What causes the error

The model produces four outputs, one per classification head. Keras expects the target structure to mirror the prediction structure. Instead of four targets (one per head), the dataset yields a single vector with four integers. This mismatch triggers the “different structures” error because Keras cannot associate each loss function with its corresponding part of the target.

Fix: provide a label dict keyed by output names

Each sample must return a mapping from output name to its class index. That way, the framework can route each piece of y_true to the correct head and loss.
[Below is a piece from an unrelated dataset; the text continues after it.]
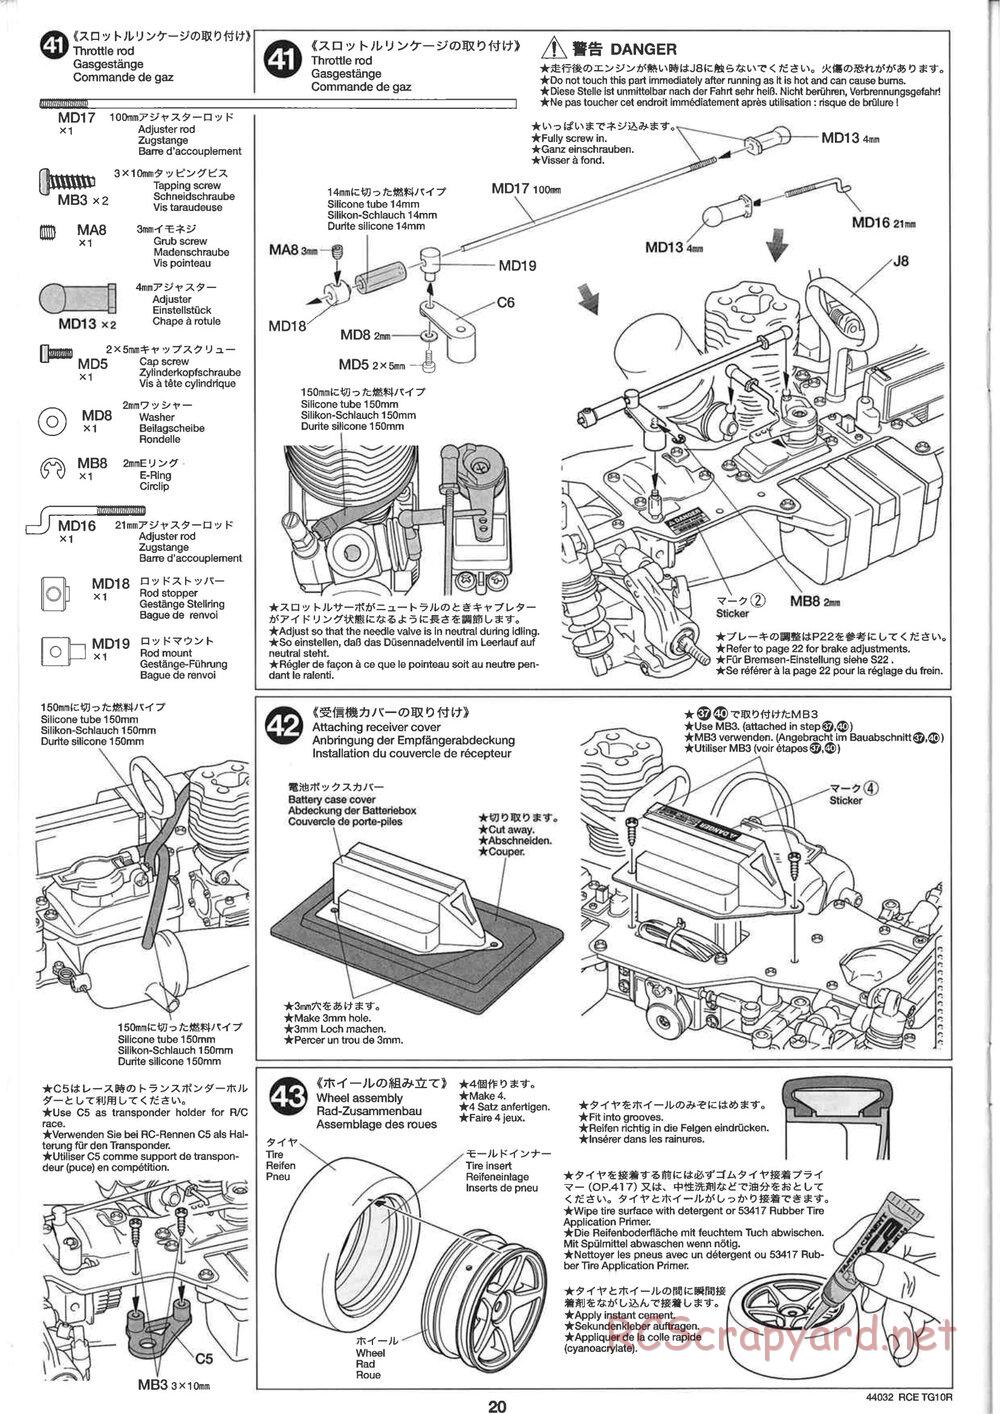 Tamiya - TG10R Chassis - Manual - Page 20

A single-sample target should look like this:

example_target = {
    "head_label": tf.Tensor([0]),
    "head_cellshape": tf.Tensor([1]),
    "head_nucleusshape": tf.Tensor([0]),
    "head_cytovacuole": tf.Tensor([1]),
}

And for a batch of size 5:

example_batch = {
    "head_label": tf.Tensor([0, 2, 3, 1, 0]),
    "head_cellshape": tf.Tensor([3, 2, 3, 2, 0]),
    "head_nucleusshape": tf.Tensor([2, 2, 3, 4, 1]),
    "head_cytovacuole": tf.Tensor([1, 2, 3, 1, 1]),
}

The only change to the input pipeline is to reshape the four-element vector into a dict keyed by the model’s output names.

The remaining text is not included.